Ceremony to honor completion of Stetson wind power project

Posted April 02, 2010, at 9:57 p.m.
Last modified Jan. 30, 2011, at 12:03 p.m.

TOWNSHIP 8 RANGE 3 — The completion of New England’s largest wind project will be commemorated Tuesday with a ribbon-cutting ceremony near Danforth.

An addition to the $60 million, 38-turbine Stetson Mountain industrial wind site, Phase II’s 17 1.5-megawatt wind turbines began producing electricity for project owner First Wind of Massachusetts within the last week, spokesman John Lamontagne said. The first phase went on line in January 2009.

“It’s a great example of the strong economic impact wind projects can have on local economies,” Lamontagne said Friday.

The yearlong construction of Phase II employed about 200 workers from Reed & Reed Inc. general contractors of Woolwich and its local subcontractors, Lamontagne said. Only a dozen or so full-time jobs will remain, however, after the construction’s completion.
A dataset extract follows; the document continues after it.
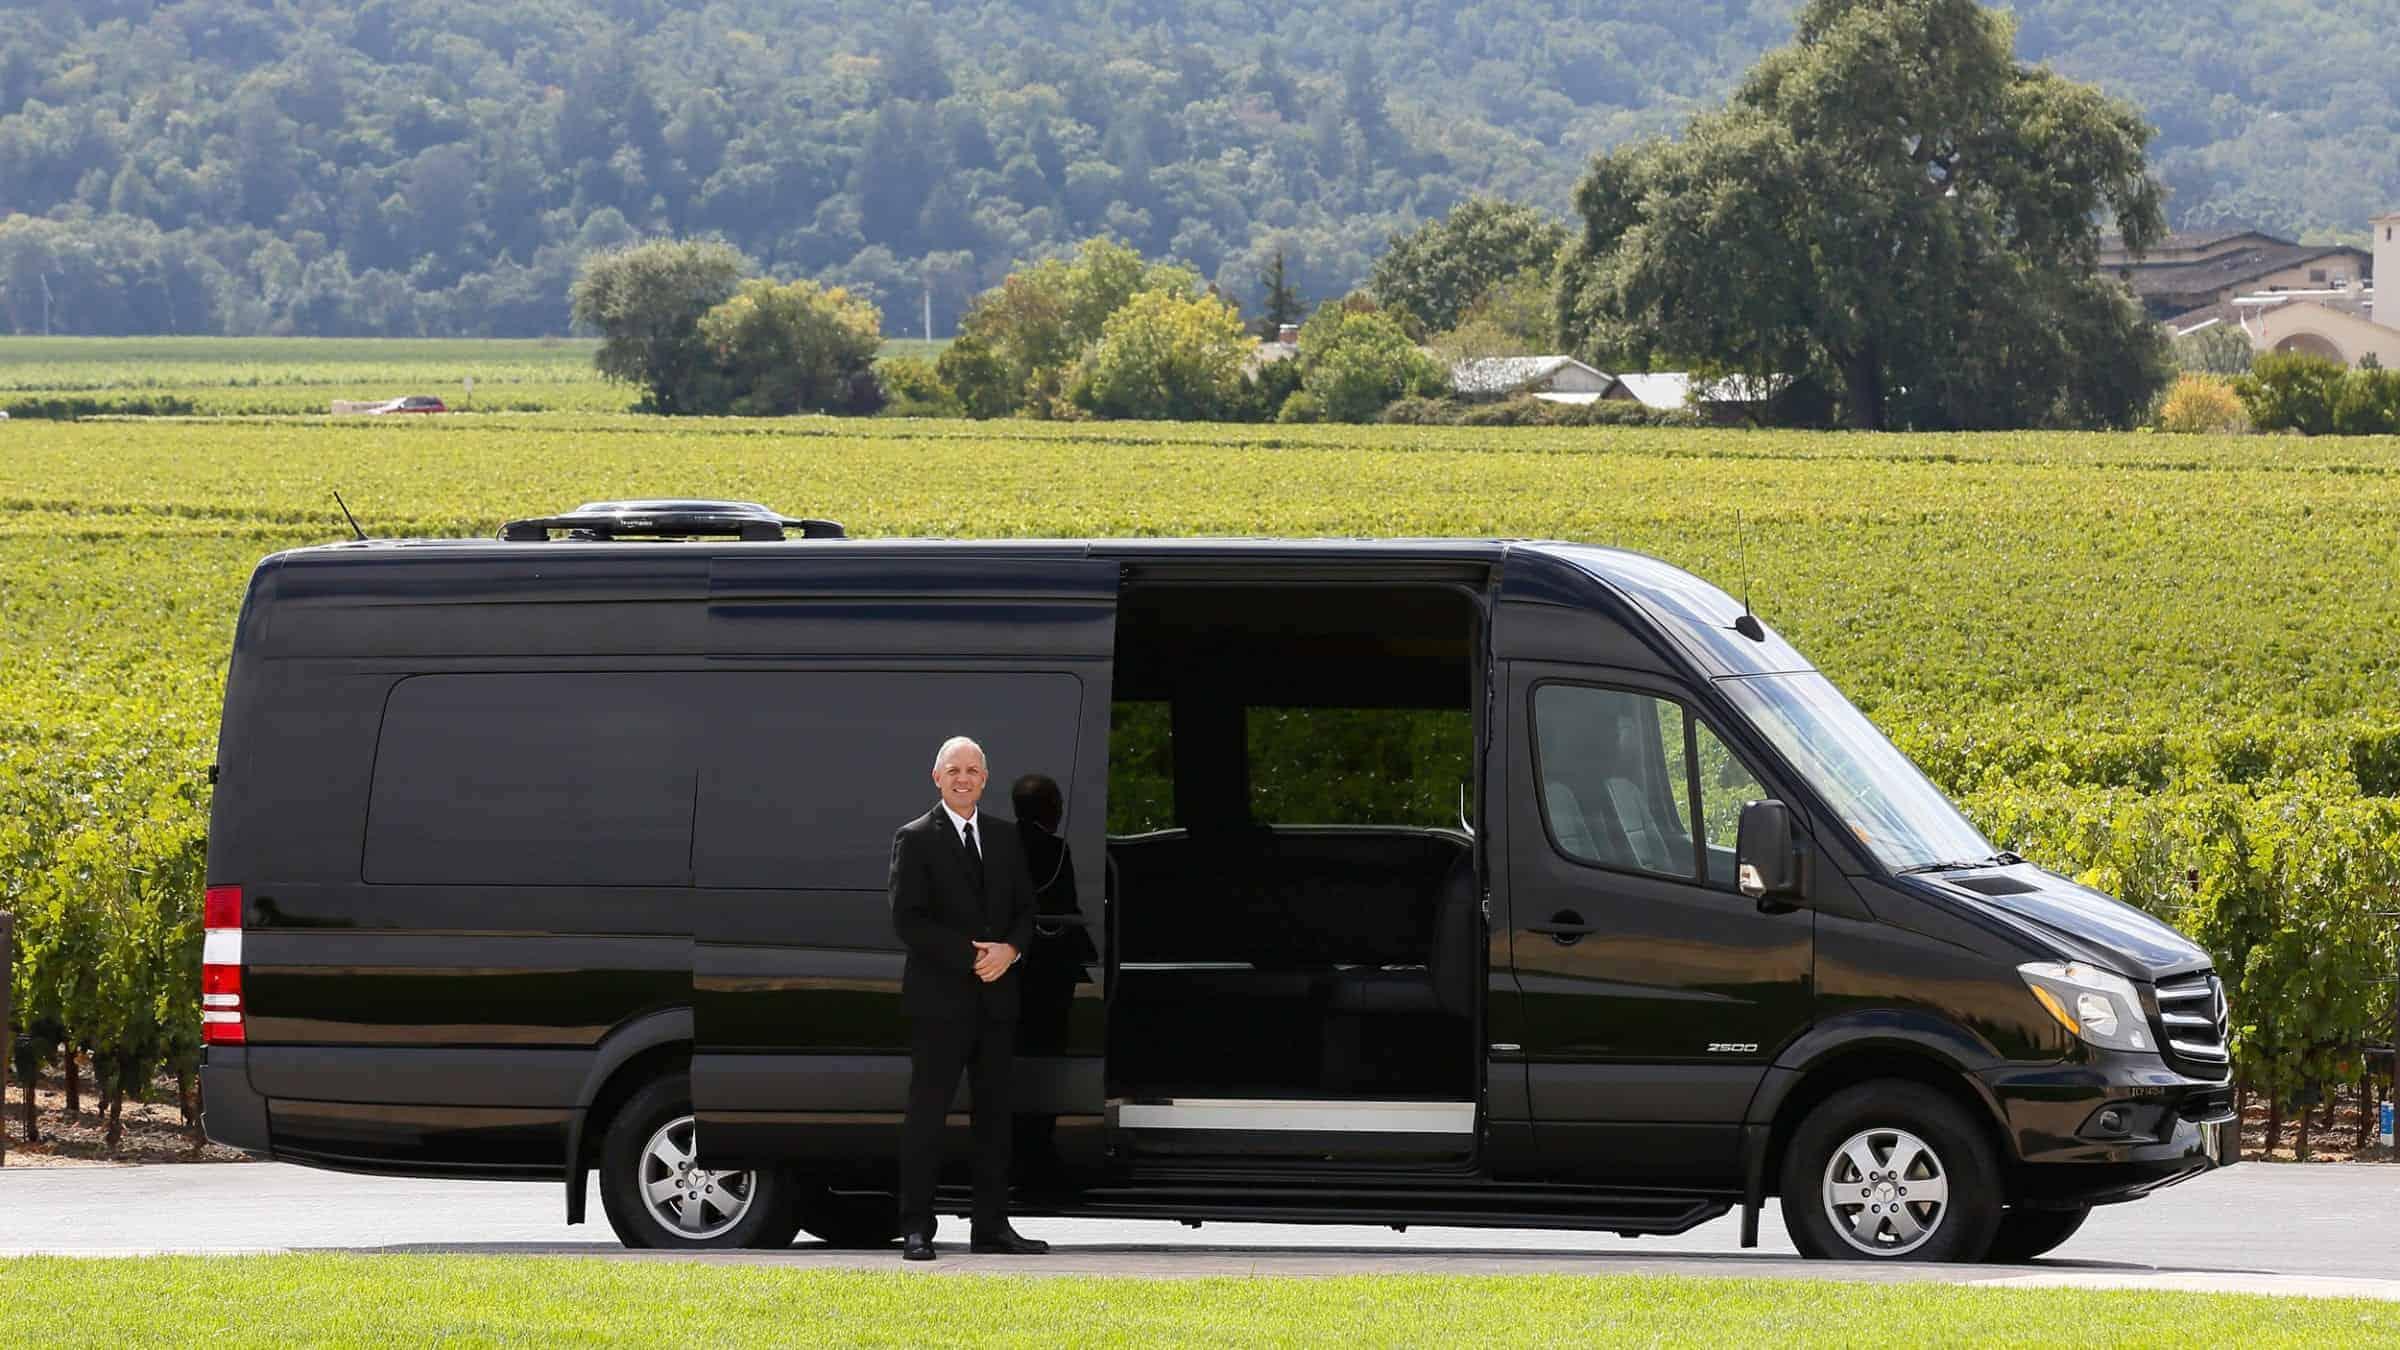 Beau Wine Tours and Limousine Service

Stetson can produce as much as 82 megawatts of power, though wind projects typically generate from 20 to 40 percent of their capacity. Lamontagne would not say how much electricity Stetson is generating, citing confidentiality concerns.
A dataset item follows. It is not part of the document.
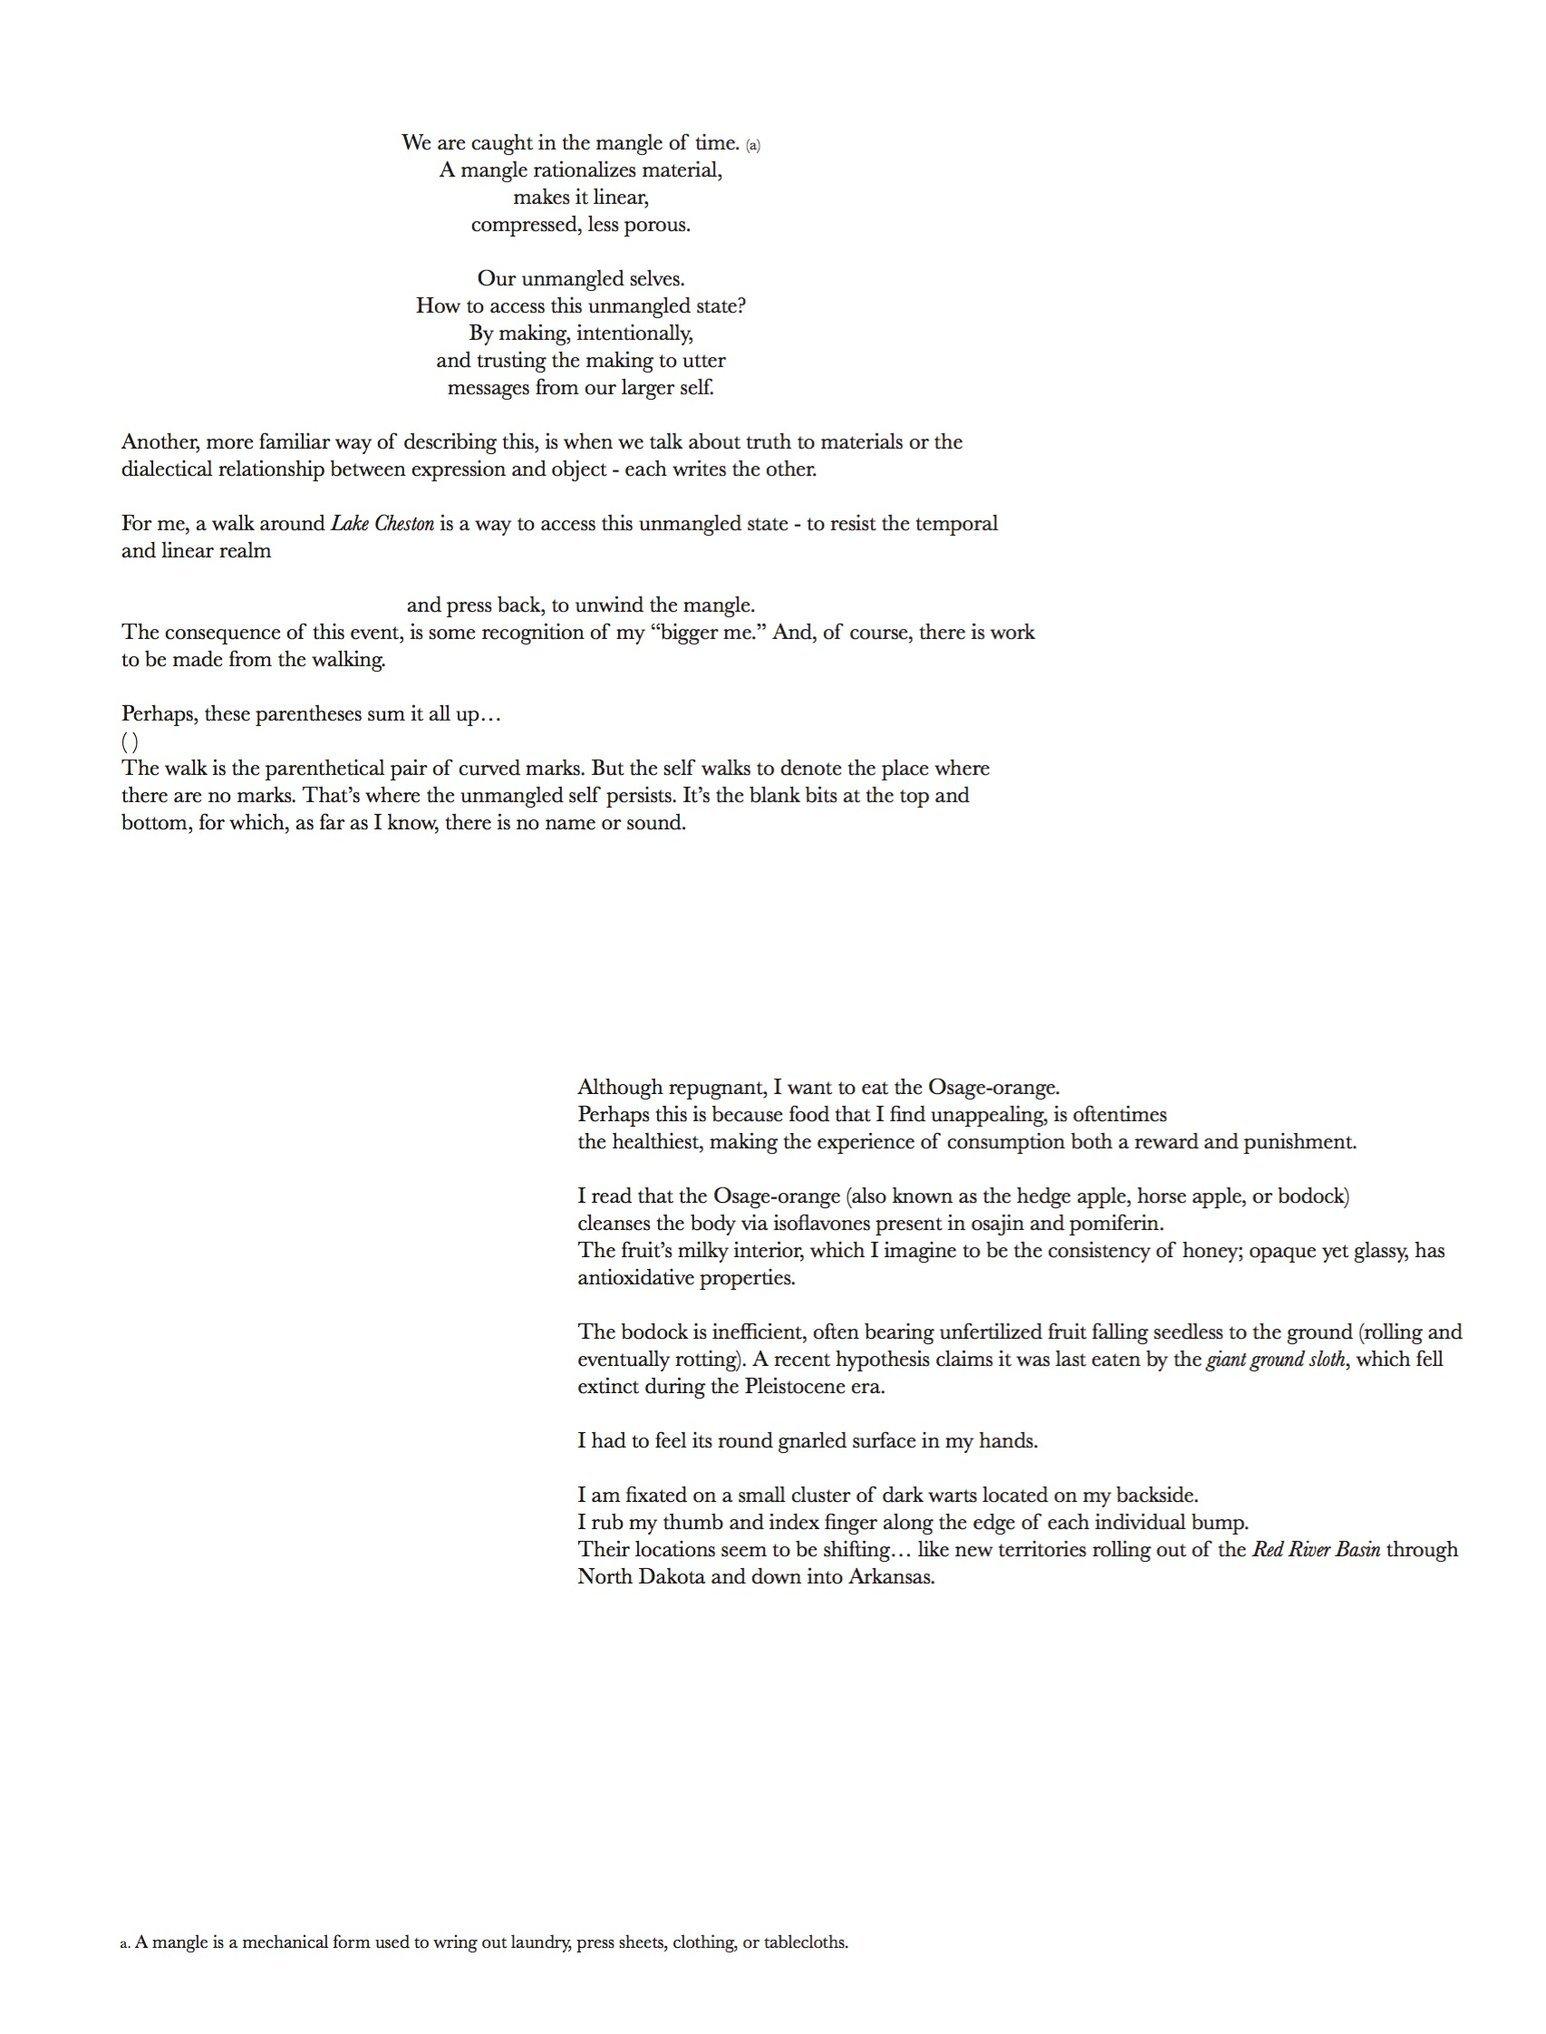 PD_writingproject_NewsClub (dragged) 2.jpg

According to documents associated with its looming initial public offering, in which it hopes to list common stock on the Nasdaq market under the symbol WIND, First Wind has signed a long-term power purchase agreement with Harvard University for half of Stetson II’s output.

The 44-turbine, 132-megawatt Kibby Wind Power project will be New England’s largest site when project developer TransCanada finishes it this fall, TransCanada officials say. It is located in the Boundary Mountains.
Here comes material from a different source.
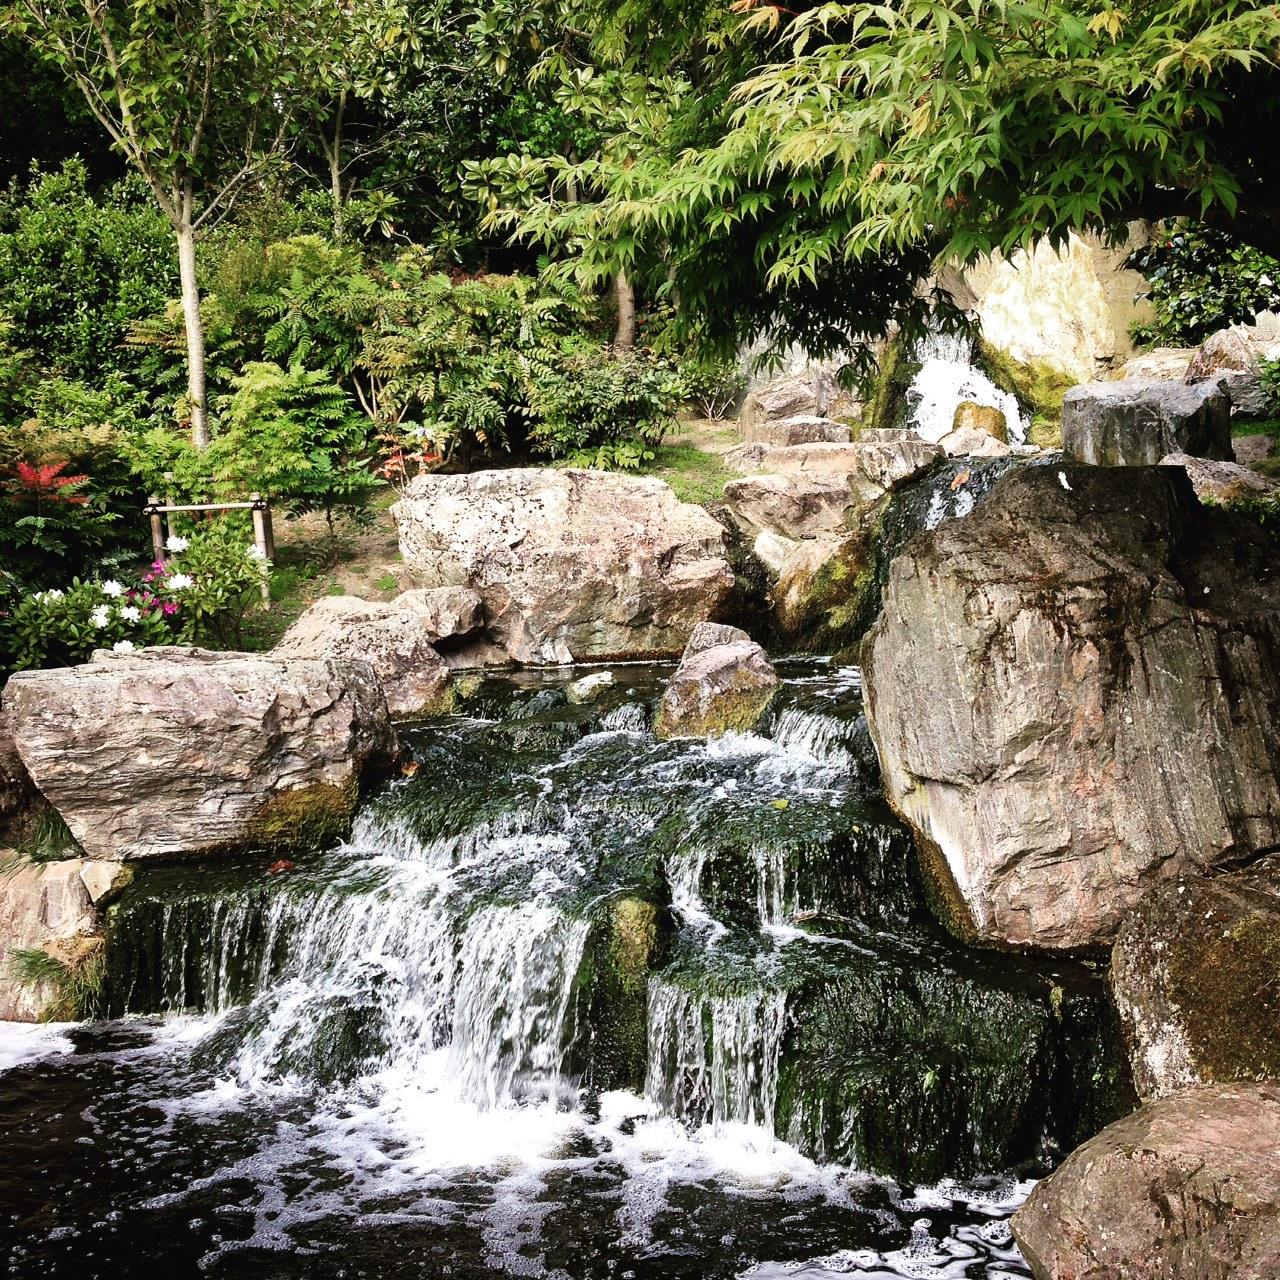 Kyoto gardens - Holland gardens London

With headquarters in Boston and several satellite offices planned or located in Maine, First Wind operates the 42-megawatt Mars Hill project and has several more projects in development or permitted. The company hopes to begin building this year its 40-turbine, 60-megawatt industrial wind site proposed for the Rollins Mountain ridgelines in Burlington, Lee, Lincoln and Winn, but the project is under appeal.

The Friends of Lincoln Lakes group contends the turbines would lower land values and threaten human and animal health with light flicker and low-decibel sound; disrupt the pastoral nature of Rollins; and typically generate a fraction of their capacity.

First Wind has argued that its project meets or exceeds all state environmental requirements and that wind turbines have no adverse impact on land values. Several health organizations, including the Centers for Disease Control and Prevention, have said they find no evidence that turbines threaten human health.

The Maine Supreme Judicial Court is due to rule on the Friends’ remaining appeal of the Rollins Mountain project within the next three months. The state’s highest court already handed the Friends a major legal defeat last month by reaffirming state approval of the $130 million project.

“We hope to move on Rollins as soon as we can,” Lamontagne said.

First Wind also hopes to start building its 34-turbine, $120 million project in Oakfield, which the Maine Department of Environmental Protection permitted in January. The 51-megawatt project is also under appeal.